== Instructions to follow ==
Print each line below verbatim, skipping every picture.

== Given information ==
....................
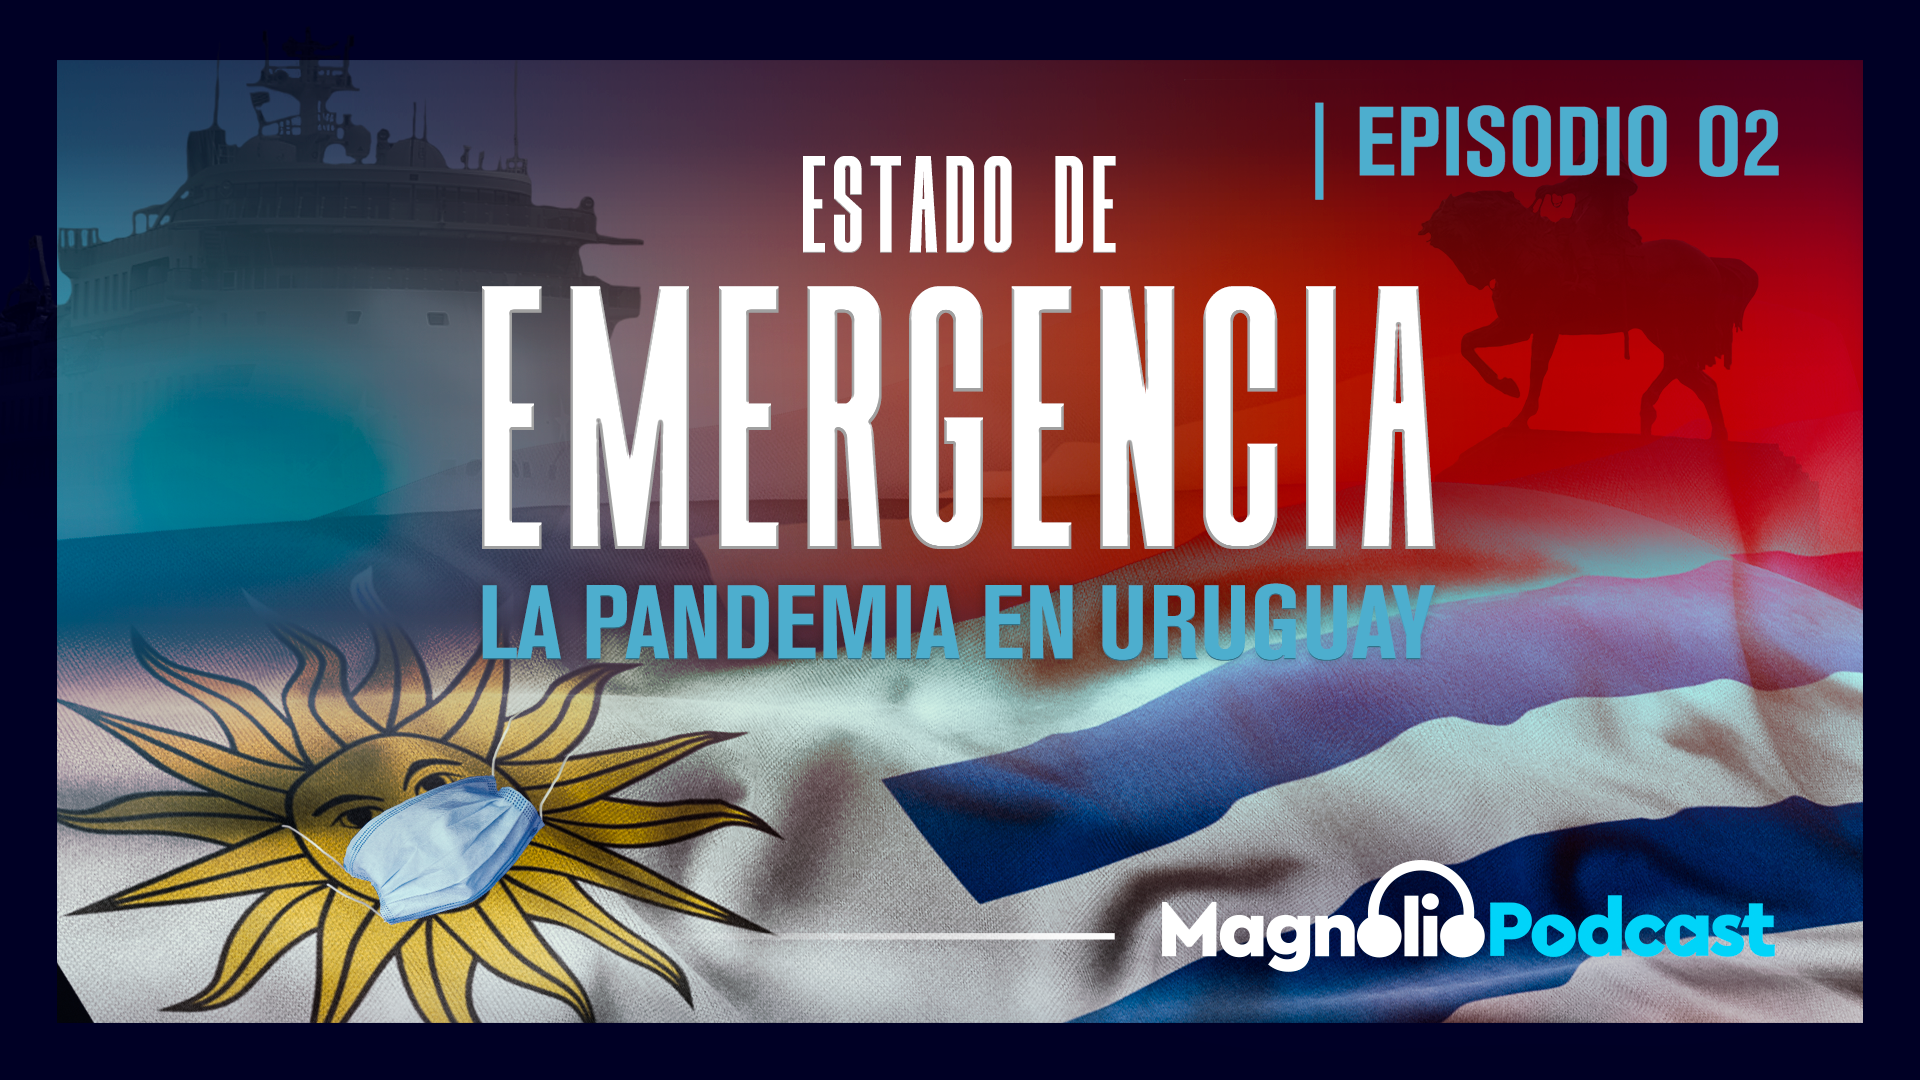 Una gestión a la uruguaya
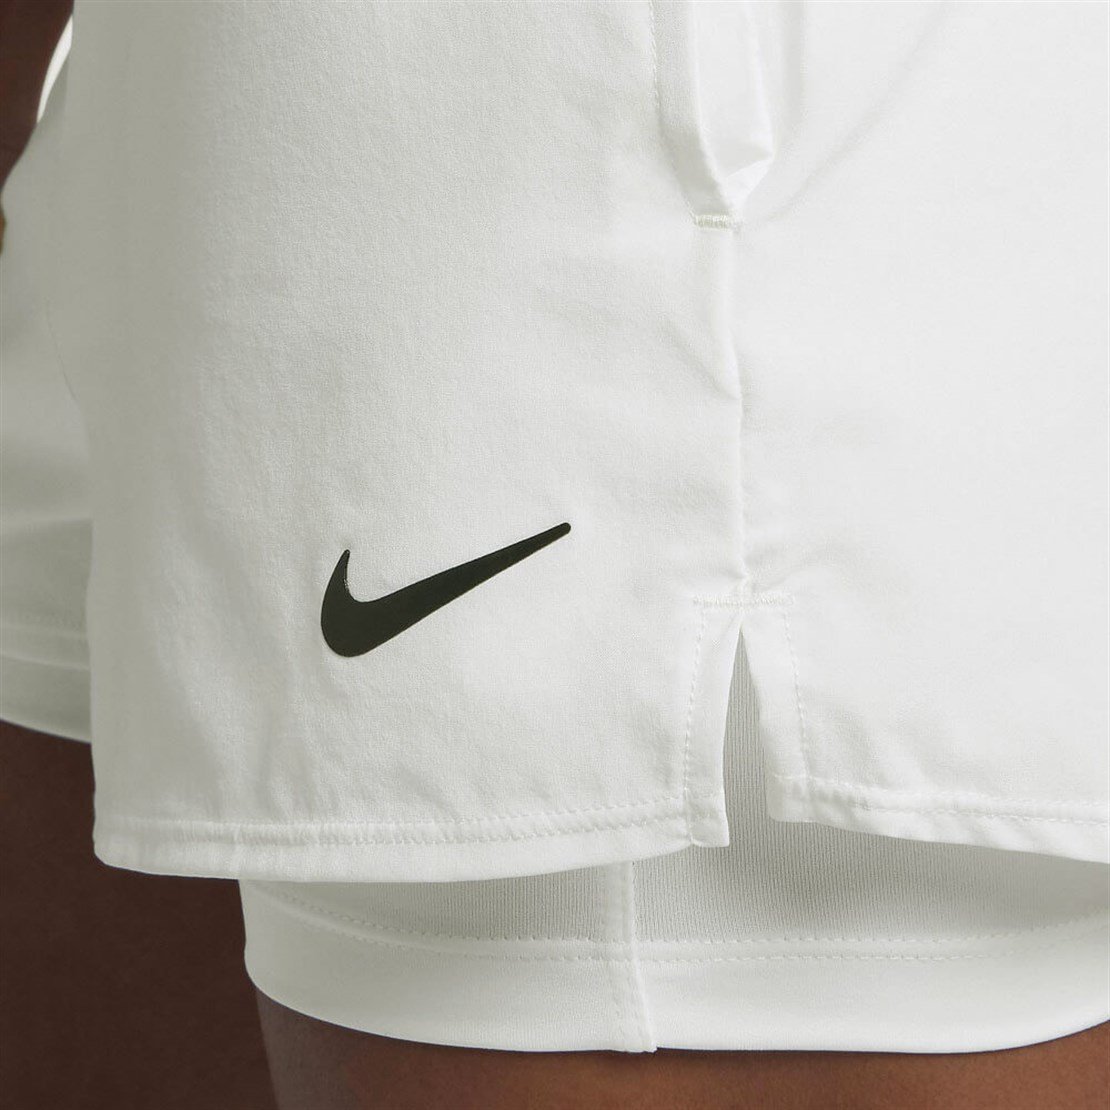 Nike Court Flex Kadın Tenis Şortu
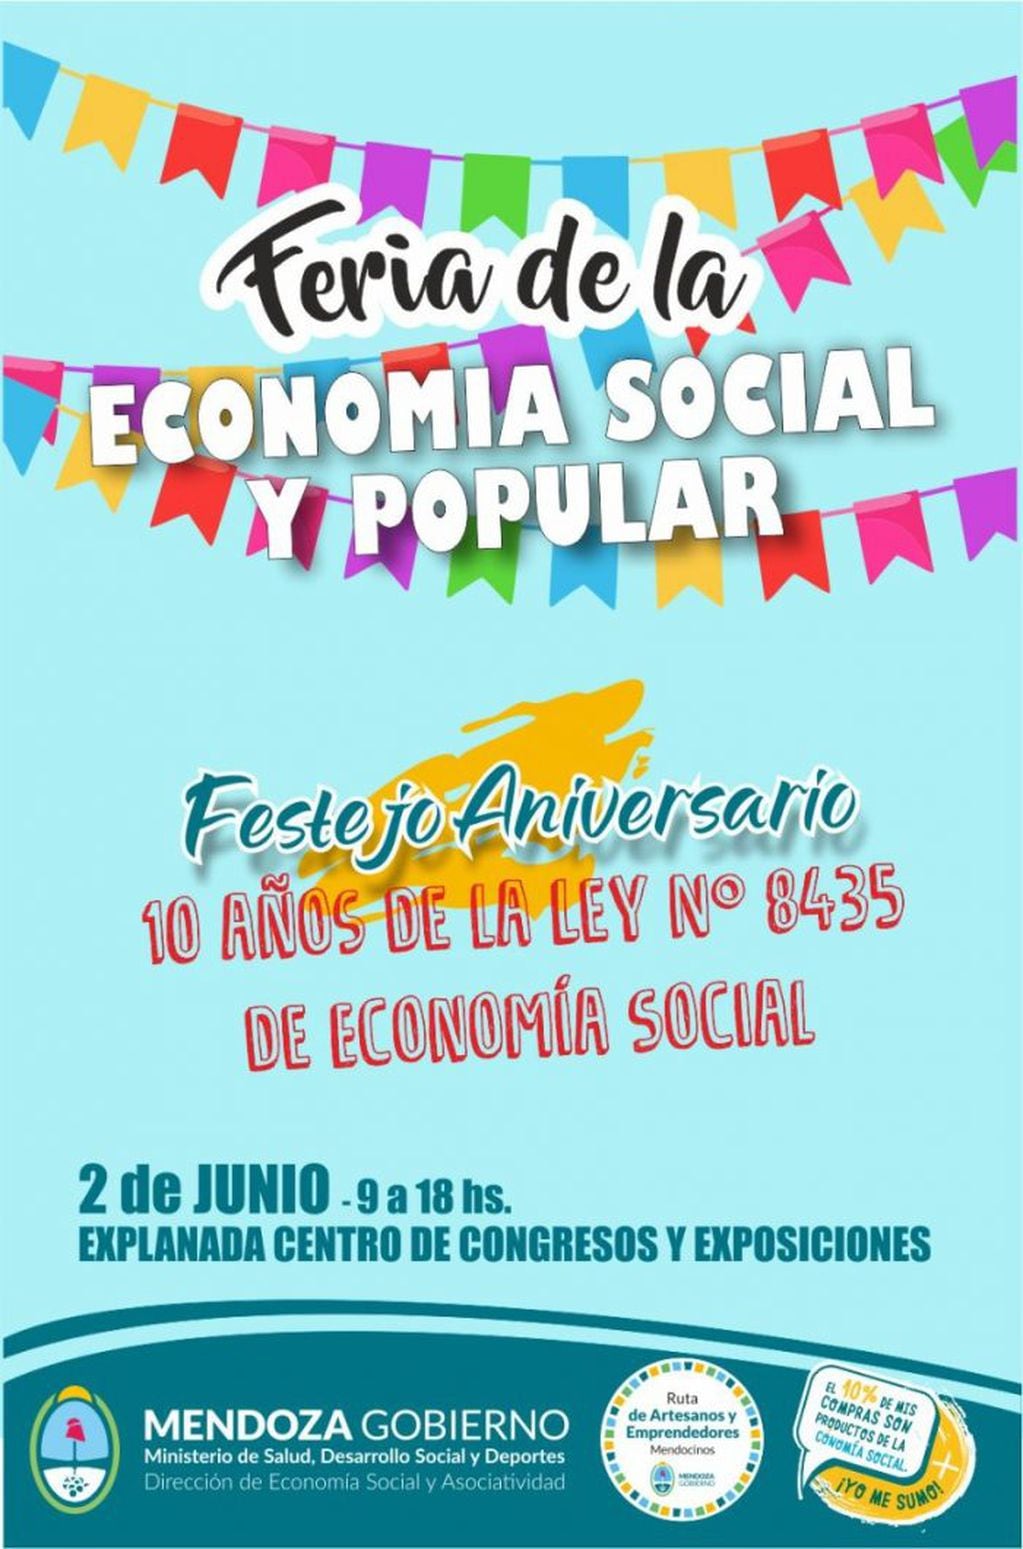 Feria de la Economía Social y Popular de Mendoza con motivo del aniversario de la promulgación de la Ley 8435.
....................
== Output below ==
 Una gestión a la uruguaya
 Nike Court Flex Kadın Tenis Şortu
 Feria de la Economía Social y Popular de Mendoza con motivo del aniversario de la promulgación de la Ley 8435.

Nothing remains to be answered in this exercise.